A clinical study involves research using voluntarily participants, observing and collecting data for medical knowledge. Clinical studies are led by a principal investigator, often a medical doctor. Clinical studies also have a research team that may include doctors, nurses, social workers, and other health care professionals. There are two main types research that we offer: clinical trials and observational studies.
- In a clinical trial, participants receive specific interventions according to the research plan or protocol created by the investigators
- In an observational study, investigators assess outcomes in groups of participants according to a research plan or protocol
COVID-19 Symptoms Research
Our UCSF team needs your help to learn more about what and when symptoms become noticeable in COVID-19 infection. If you have been tested for COVID-19 (positive or negative) or have been placed on quarantine by medical recommendation, government decree, or personal decision, please consider joining our study or sharing with others.
The main goal of this study is to inform evolving public policy and medical decision-making for world-wide benefit.

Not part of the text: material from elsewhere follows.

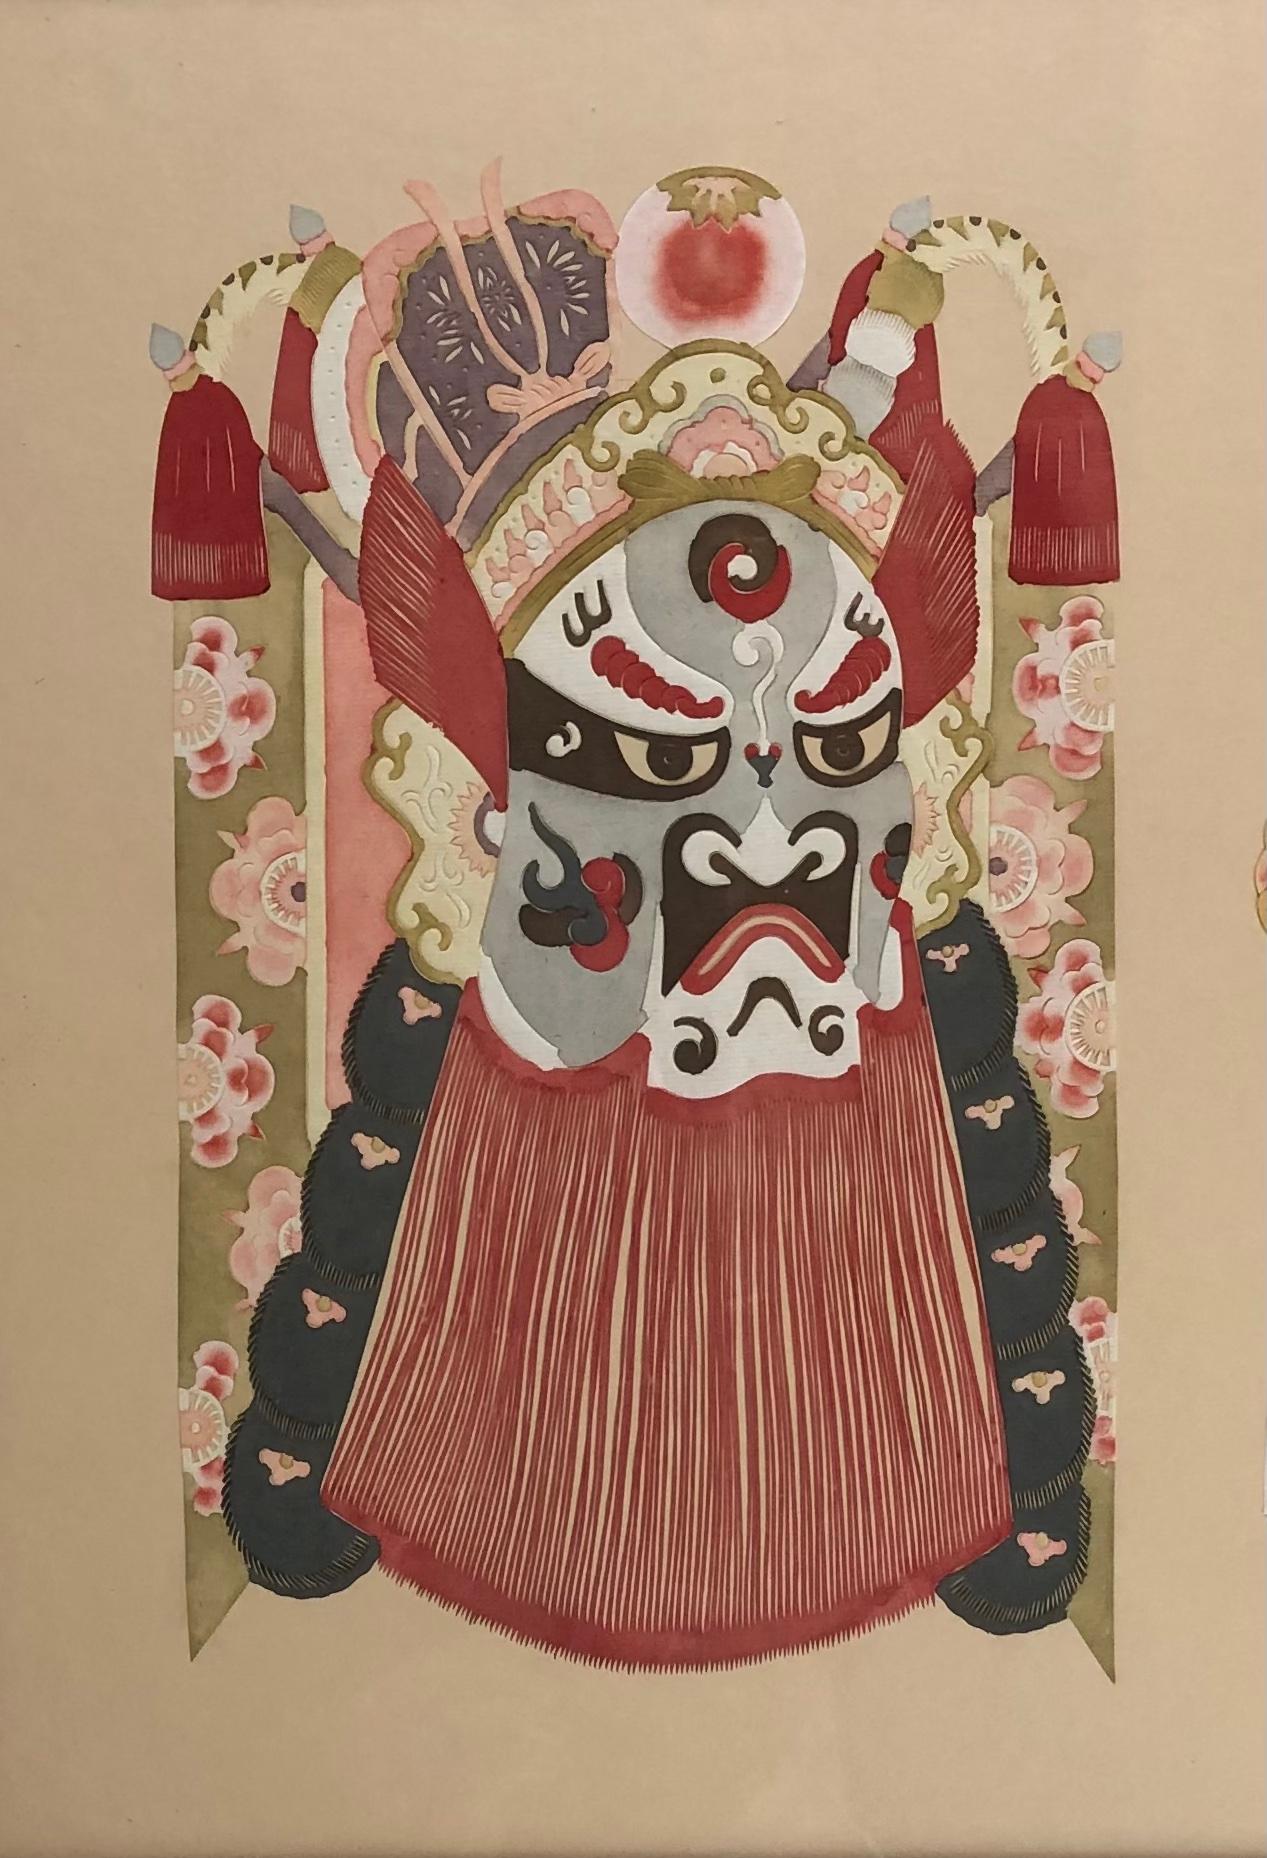 Une représentation décorative chinoise de grande taille, encadrée, de 5 masques de divinités cérémonielles, 20e siècle. Cette grande suspension murale de masques de divinités cérémonielles est faite de papier découpé de façon complexe, puis peinte à
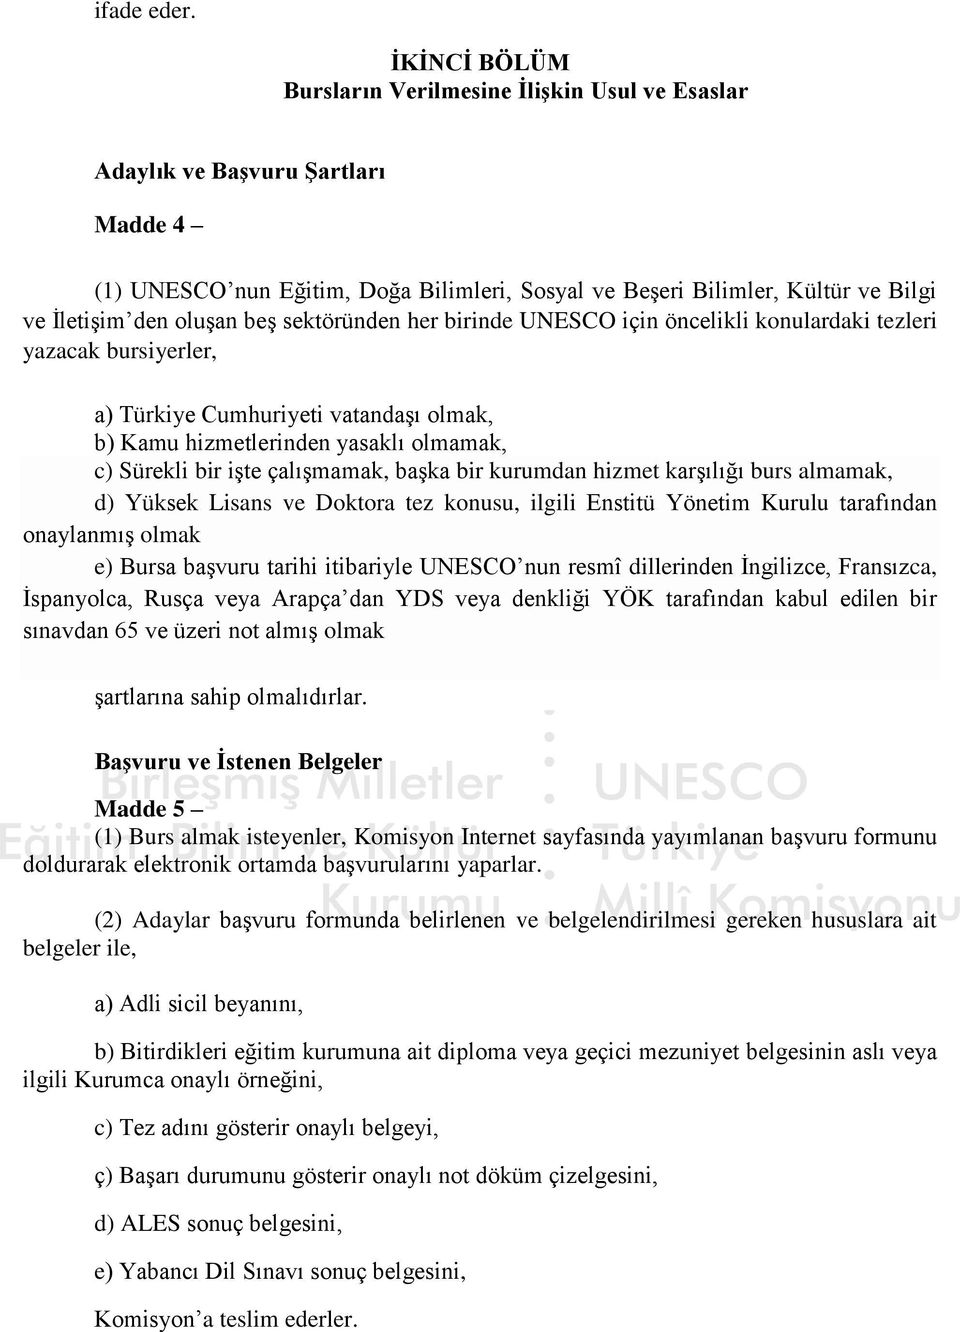 beş sektöründen her birinde UNESCO için öncelikli konulardaki tezleri yazacak bursiyerler, a) Türkiye Cumhuriyeti vatandaşı olmak, b) Kamu hizmetlerinden yasaklı olmamak, c) Sürekli bir işte

Airway, Voice, and Swallowing
A Randomized Study of Mitomycin-C Application in the Endoscopic Surgical Treatment of Patients With Laryngotracheal Stenosis
Obstruction of the upper airway caused by laryngotracheal stenosis (LTS) often results in severe morbidity and even mortality. Treatment of LTS continues to present a challenge and a wide array of surgical techniques have been employed. Despite multiple endoscopic and/or open reconstructive procedures, patients often experience restenosis as a result of the abnormal wound-healing process that initially instigated the airway obstruction. The high rate of stenosis relapse has therefore motivated researchers to find new methods to modulate and control the wound-healing process of the airway. Although other adjuvant treatments such as steroids and antibiotics have been investigated in LTS, much attention in recent years has turned to the use of topical mitomycin-C (MMC). As a topical application, MMC has been shown to inhibit fibroblast proliferation in wound-healing processes. The use of MMC in the treatment of airway stenosis was first reported in 1998 and is now routinely used in the endoscopic management of LTS. However, despite numerous animal and human studies, the benefit of MMC in LTS patients remains questionable. While previously published retrospective data suggest that the addition of MMC improves outcome, there have been no prospective studies to directly address the efficacy of MMC in endoscopic LTS surgery. This study will be the first randomized, prospective, double-blind, placebo controlled clinical trial designed to investigate the efficacy of MMC as an adjunctive therapy to endoscopic surgical treatment in patients with LTS. In addition, the study will investigate the relationship between patient symptoms and objective pulmonary function measurements. Ultimately, the results of this study may influence the treatment and evaluation of patients with laryngotracheal stenosis.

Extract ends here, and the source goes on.